DPWG guideline for DPYD and fluoropyrimidines
Over 160 different allele variants in DPYD have been identified and described in literature.13 According to the gnomAD browser,14 which contains whole exome data of almost 140,000 individuals, DPYD contains 2,190 known variants. The prevalence of individual variants is low. The effect of genetic variation on DPD enzyme activity is not fully established for the majority of variants and the size of the effect can differ between variants.
The frequency of the various DPYD variants and the associated phenotypes appears
to vary significantly between nations and ethnic groups. For example, in the Caucasian 4 population, approximately 3─5% has a partial DPD enzyme deficiency and 0.1─0.2% has
a complete DPD enzyme deficiency. On the other hand, approximately 8% of the African American population has a partial DPD enzyme deficiency.15,16
Gene-drug interaction
Pharmacological mechanism
A schematic overview of fluoropyrimidine metabolism is shown in Figure 1. The DPD enzyme is mainly found in liver, but also intestinal mucosa, leucocytes, tumour cells and other tissues. Over 80% of 5-FU is inactivated to 5-fluoro-5,6-dihydrouracil (DHFU) by DPD. The decreased metabolic activity of DPD leads to increased intracellular concentrations of active metabolites of 5-FU.17 The increased intracellular concentration of 5-fluoro-2’-deoxyuridine- 5’-monophosphate (FdUMP) increases the risk of toxicity such as diarrhoea, hand-foot syndrome, mucositis and myelosuppression. Variants in the DPYD gene can result in reduced or even absent DPD enzyme activity, increasing the risk of severe toxicity. For example, 73% of the patients with DPYD*2A experienced severe toxicity when treated with a full dose, compared to 23% of *1 allele carriers (wild-type patients) who experienced toxicity.18 Many enzymes are involved in fluoropyrimidine metabolism, however, this guideline is limited to the role of the DPD enzyme in causing toxicity.

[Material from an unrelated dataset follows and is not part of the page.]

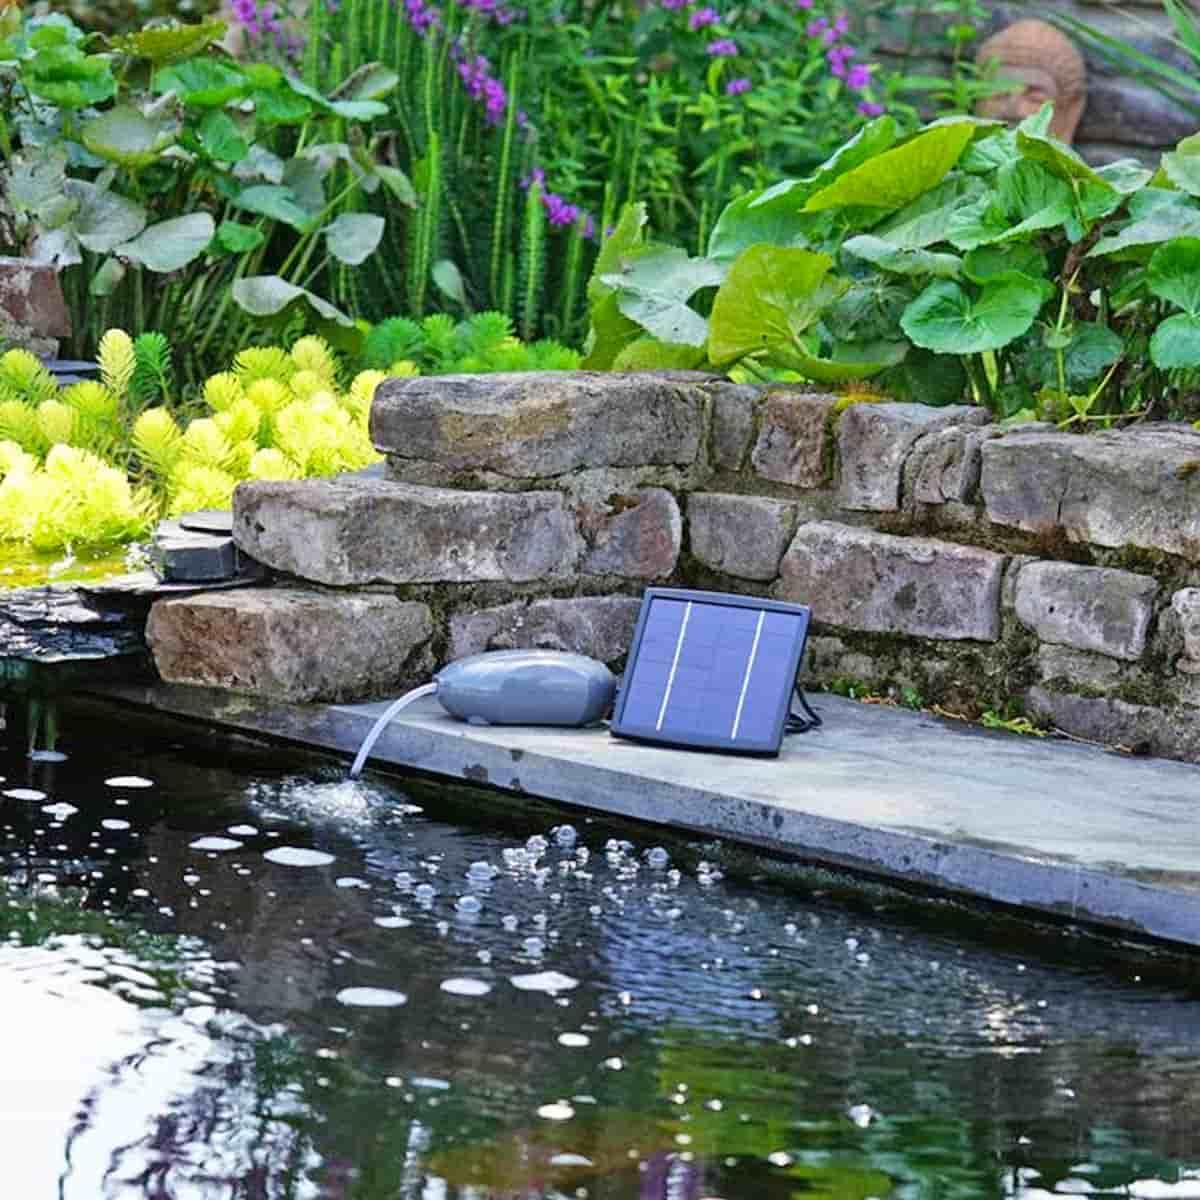 pompe d aeration solaire pour bassin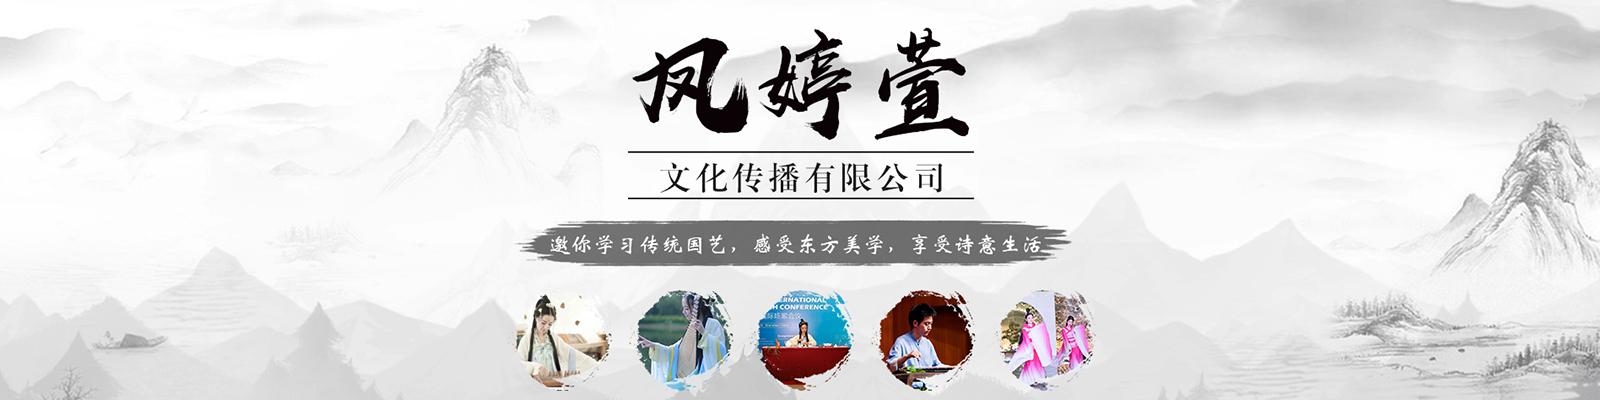 厦门市凤婷萱文化传播有限公司

Since the genetic variation in DPYD only partially determines DPD enzyme activity, these guidelines for dose adjustment based on the predicted phenotype are no more than a tool that can be used to achieve the desired intracellular concentration of the active metabolite, to minimize risk of toxicity. The absence of tested variants does not eliminate the risk of toxicity. Pharmacokinetic dose adjustment (guided by steady-state plasma concentrations or AUC) may also be useful to optimize the dose of 5-FU. This is, however, currently not routinely used for capecitabine and tegafur, as they are mainly converted into 5-FU within tissue.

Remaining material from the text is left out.